'''

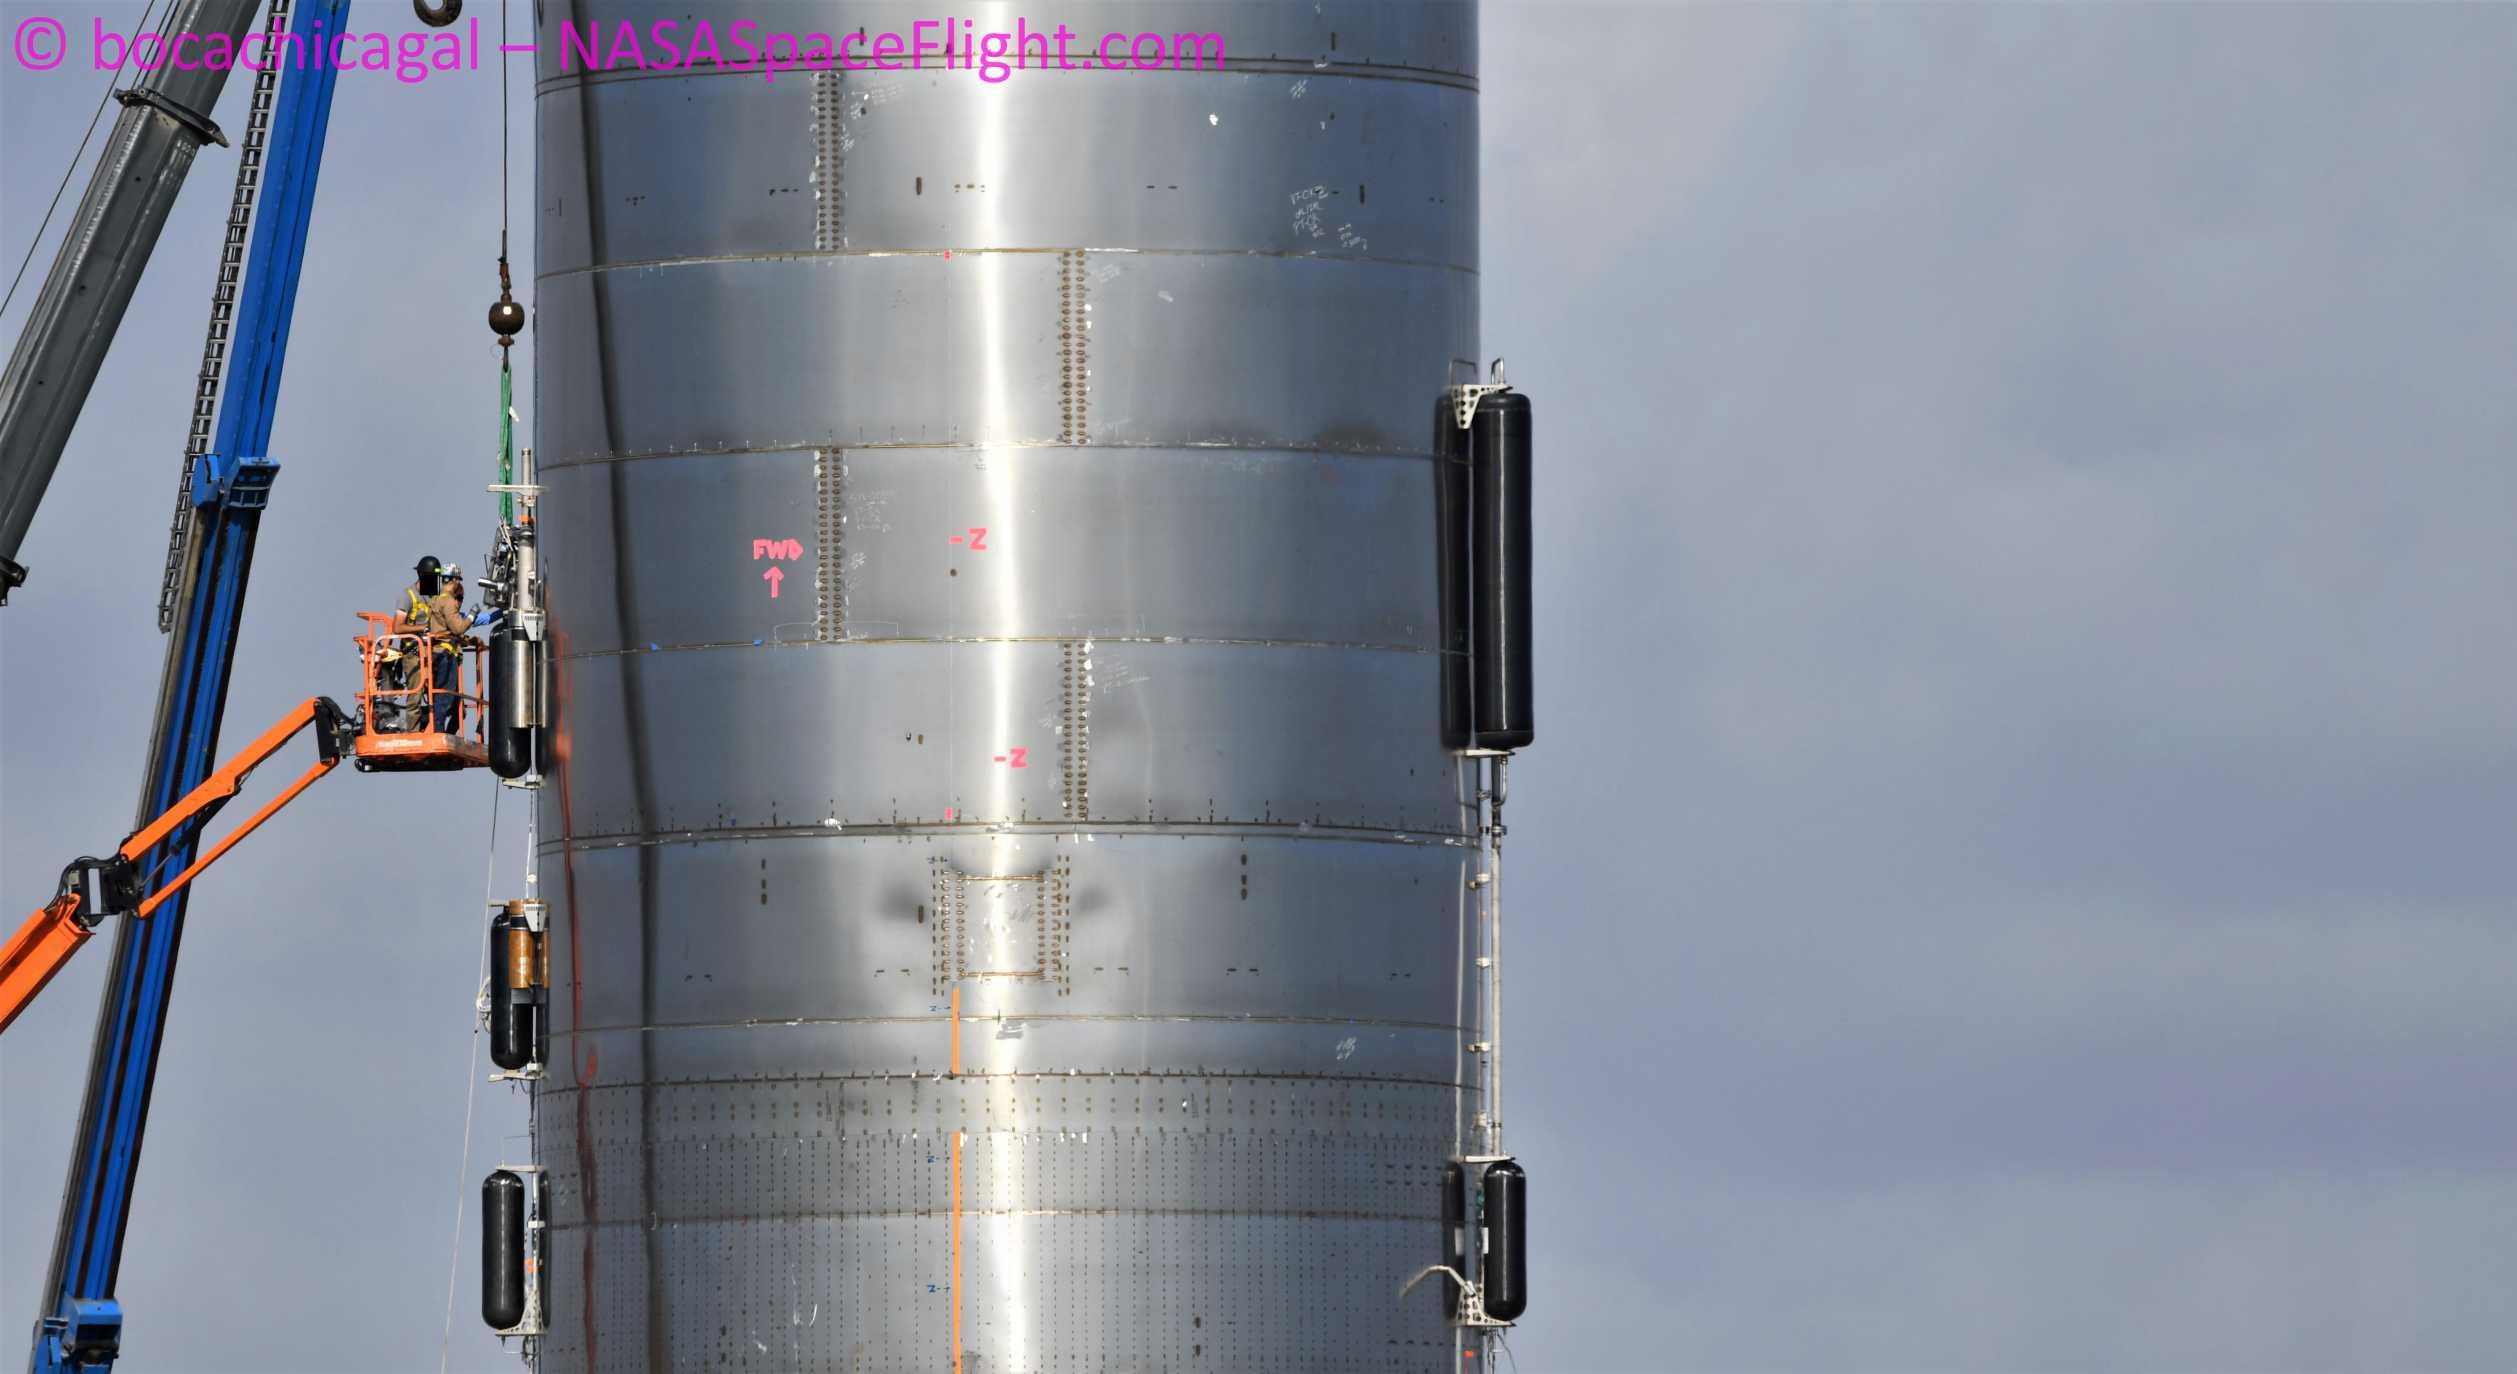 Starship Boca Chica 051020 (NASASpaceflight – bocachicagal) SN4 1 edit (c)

'''
'''

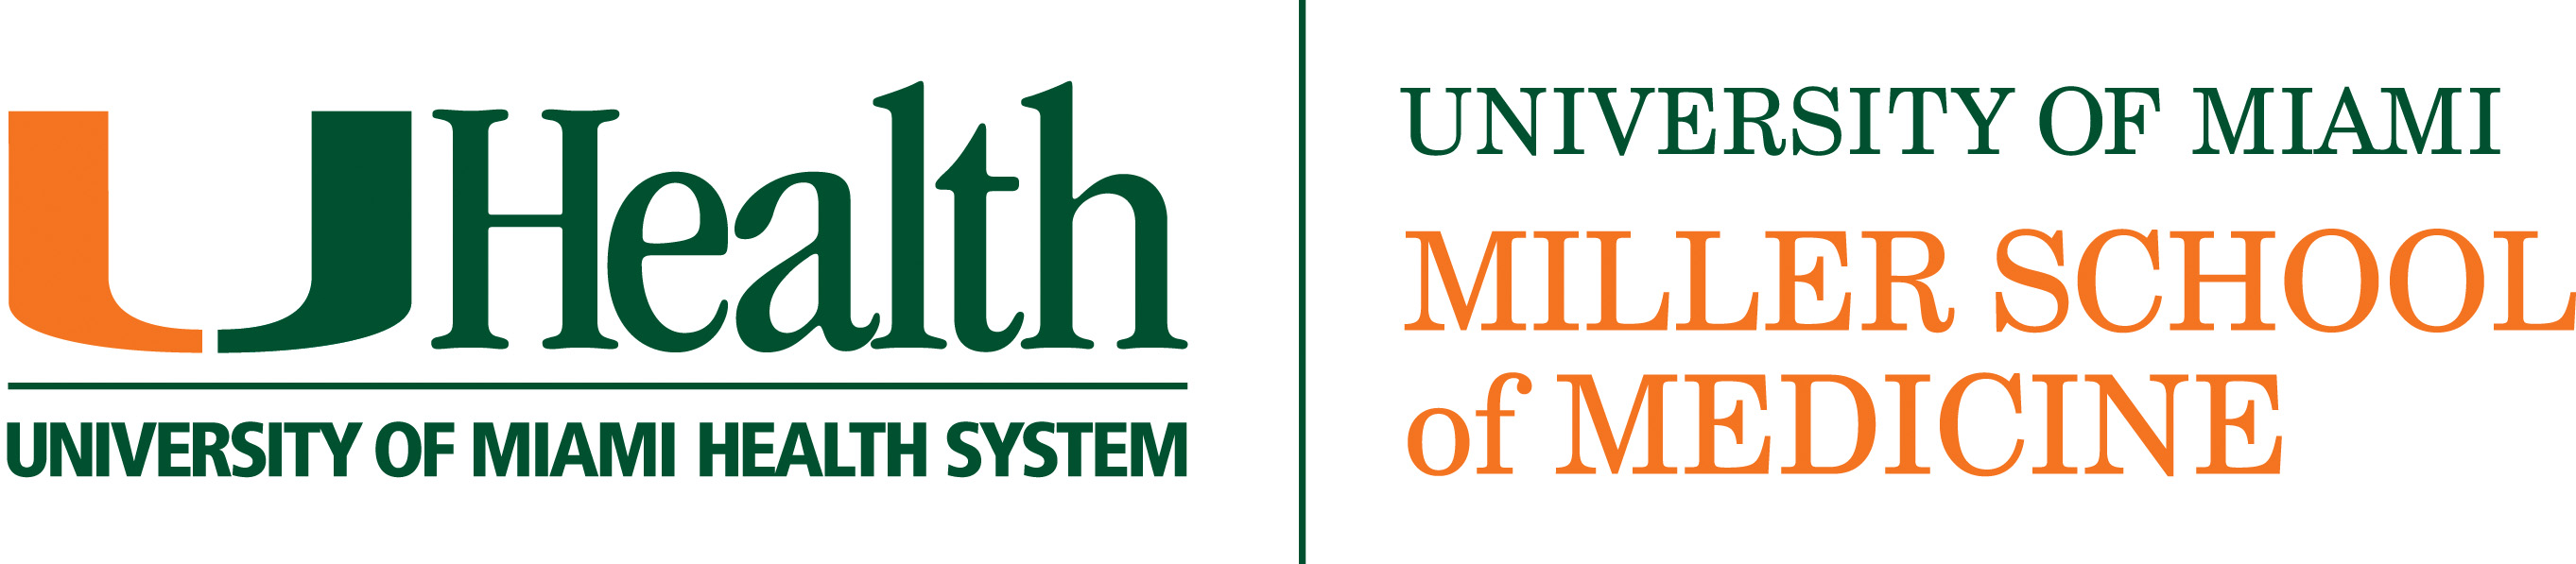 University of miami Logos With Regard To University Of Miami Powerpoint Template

'''
'''

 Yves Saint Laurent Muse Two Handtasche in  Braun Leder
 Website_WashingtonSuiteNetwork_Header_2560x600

'''

WHAT IS REQUIRED: Send back exactly the lines of the listing above starting at the one with "Yves Saint Laurent" and ending at the one with "Website_WashingtonSuiteNetwork_Header_2560x600", inclusive, and no others.

SOLUTION BELOW:
 Yves Saint Laurent Muse Two Handtasche in  Braun Leder
 Website_WashingtonSuiteNetwork_Header_2560x600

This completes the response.